IV garantir a observância de acórdão proferido em julgamento de incidente de resolução de demandas repetitivas ou de incidente de assunção de competência;

(…)§ 5º É inadmissível a reclamação:

I proposta após o trânsito em julgado da decisão reclamada;

II proposta para garantir a observância de acórdão de recurso extraordinário com repercussão geral reconhecida ou de acórdão proferido em julgamento de recursos extraordinário ou especial repetitivos, quando não esgotadas as instâncias ordinárias.”
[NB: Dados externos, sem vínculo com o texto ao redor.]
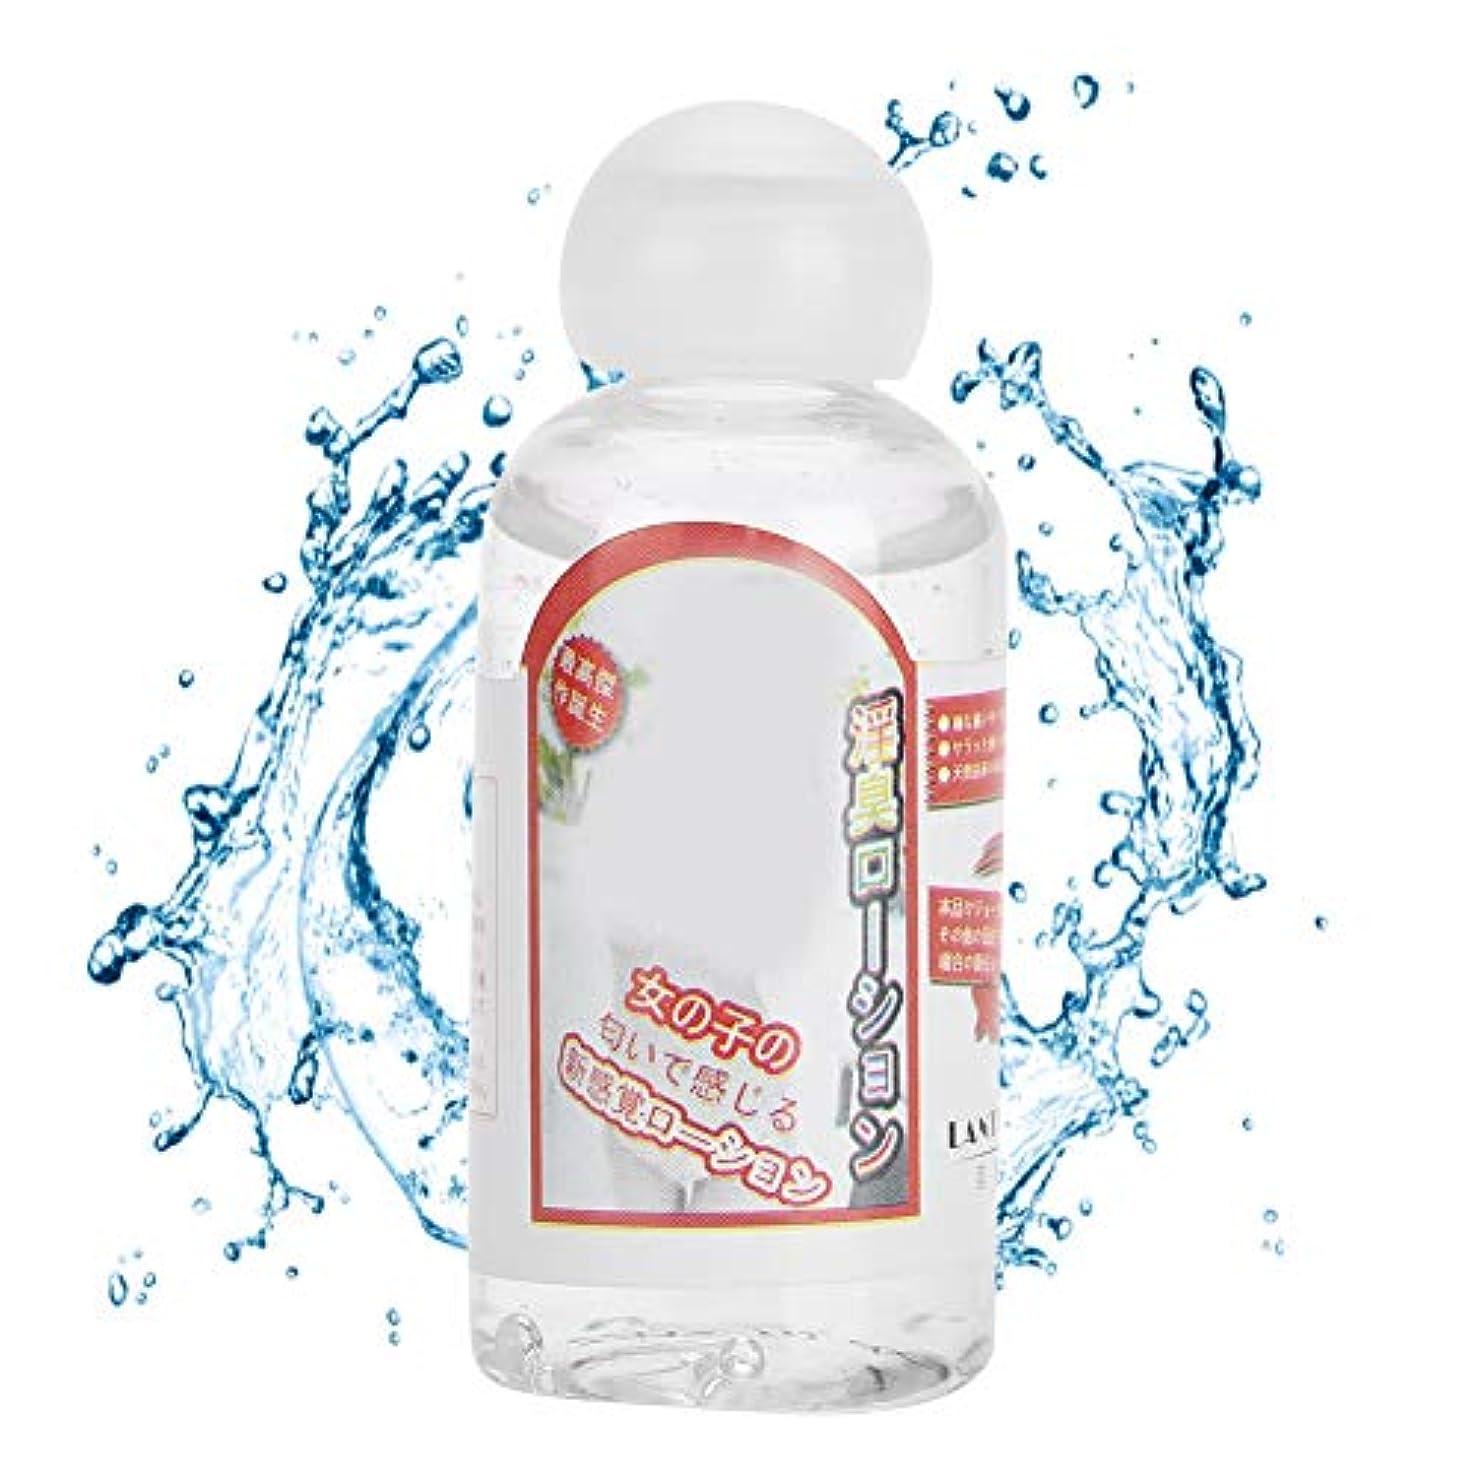 なる非常に比較女性用プライベート保湿エッセンシャルオイル、安全肌用栄養マッサージオイル、栄養補給、滑らかな肌
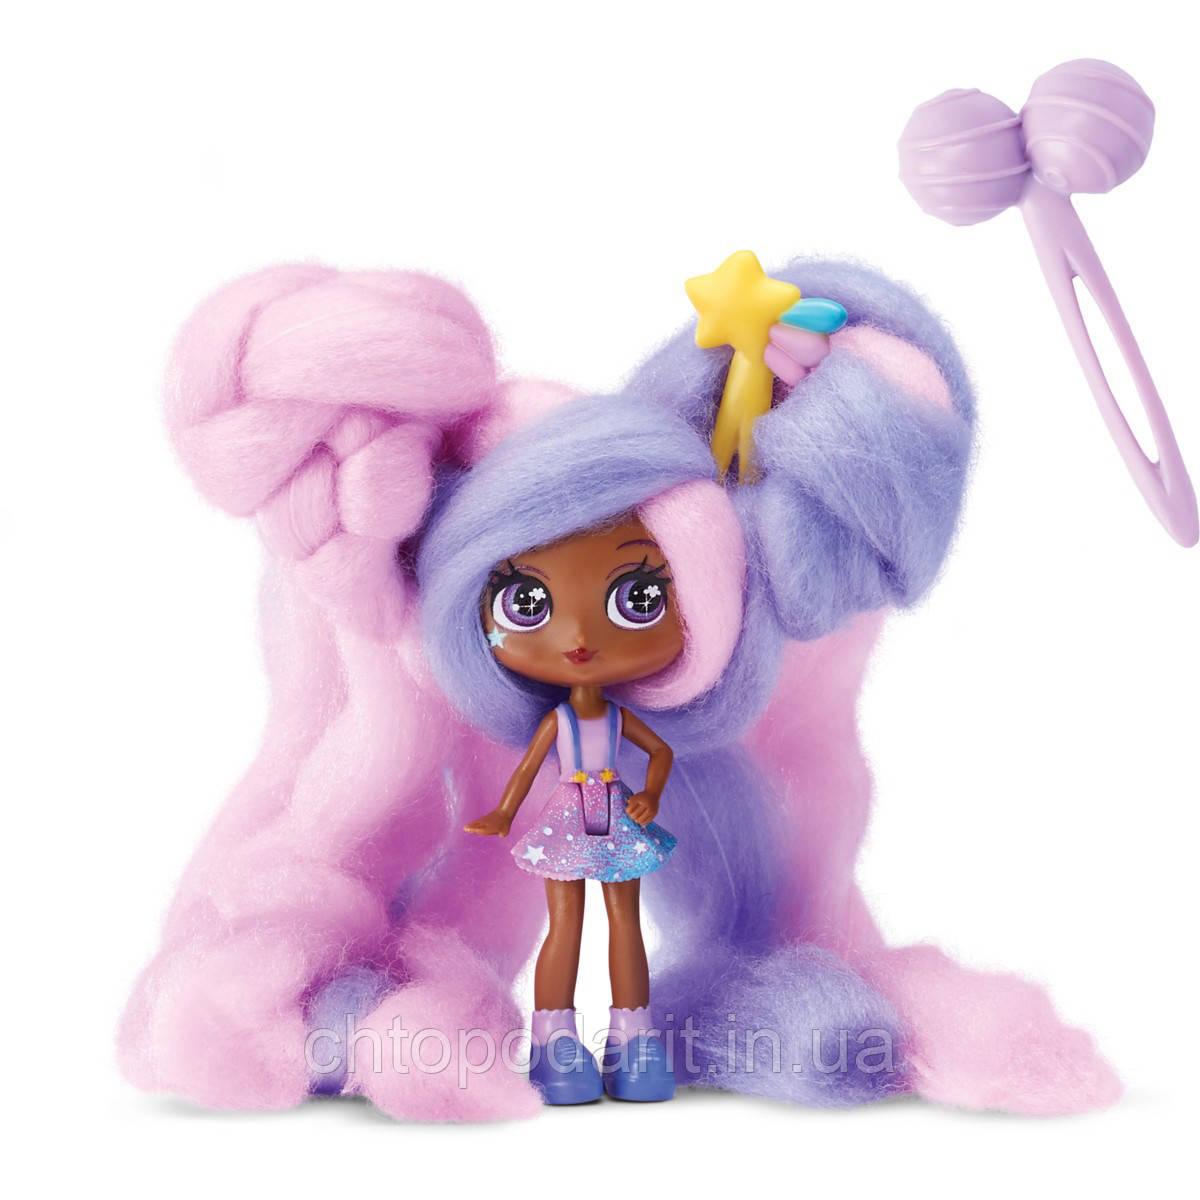 """Кукла """"Кендилукс сладкая вата"""" Candylocks с цветными волосами Код 12-2108"""

Emerge do preceito supra transcrito – art. 988, § 5º, II, do CPC –, que admissível, a contrario sensu, o cabimento da reclamação para garantir a observância de acórdão proferido em recurso extraordinário com repercussão geral reconhecida, desde que haja o esgotamento das instâncias ordinárias.

Transcrevo o ato ora reclamado (Doc. 3):


(...)

No que toca à suposta nulidade de obtenção de RIF sem prévia autorização judicial, mediante compartilhamento direto entre COAF e autoridades atuantes em persecução penal, consoante bem registrado pelo Tribunal Regional Federal, a questão há muito é alvo de divergência no âmbito dos Tribunais Superiores.

No entanto, a Terceira Seção desta Corte de Justiça, em recentíssimo julgado, proferido no AgRg no RHC n. 174.173-RJ, buscando dirimir a controvérsia acerca do tema, considerando a ausência de previsão do julgamento da matéria pelo Plenário do Supremo Tribunal Federal, firmou a compreensão no sentido da impossibilidade de solicitação direta, sem autorização judicial, de informações sigilosas do Conselho de Controle de Atividades Financeiras pelo Ministério Público ou pela autoridade policial.

In casu, sendo incontroverso que os RIFs que instruem o presente inquérito policial foram obtidos junto ao COAF por meio de requerimento da autoridade policial, faz-se necessário o reconhecimento da ilicitude das provas consistentes nos referidos Relatórios de Inteligência Financeira n. 103.314 e n. 103.424, que foram obtidos diretamente pela autoridade policial junto ao COAF, com determinação de desentranhamento das referidas provas.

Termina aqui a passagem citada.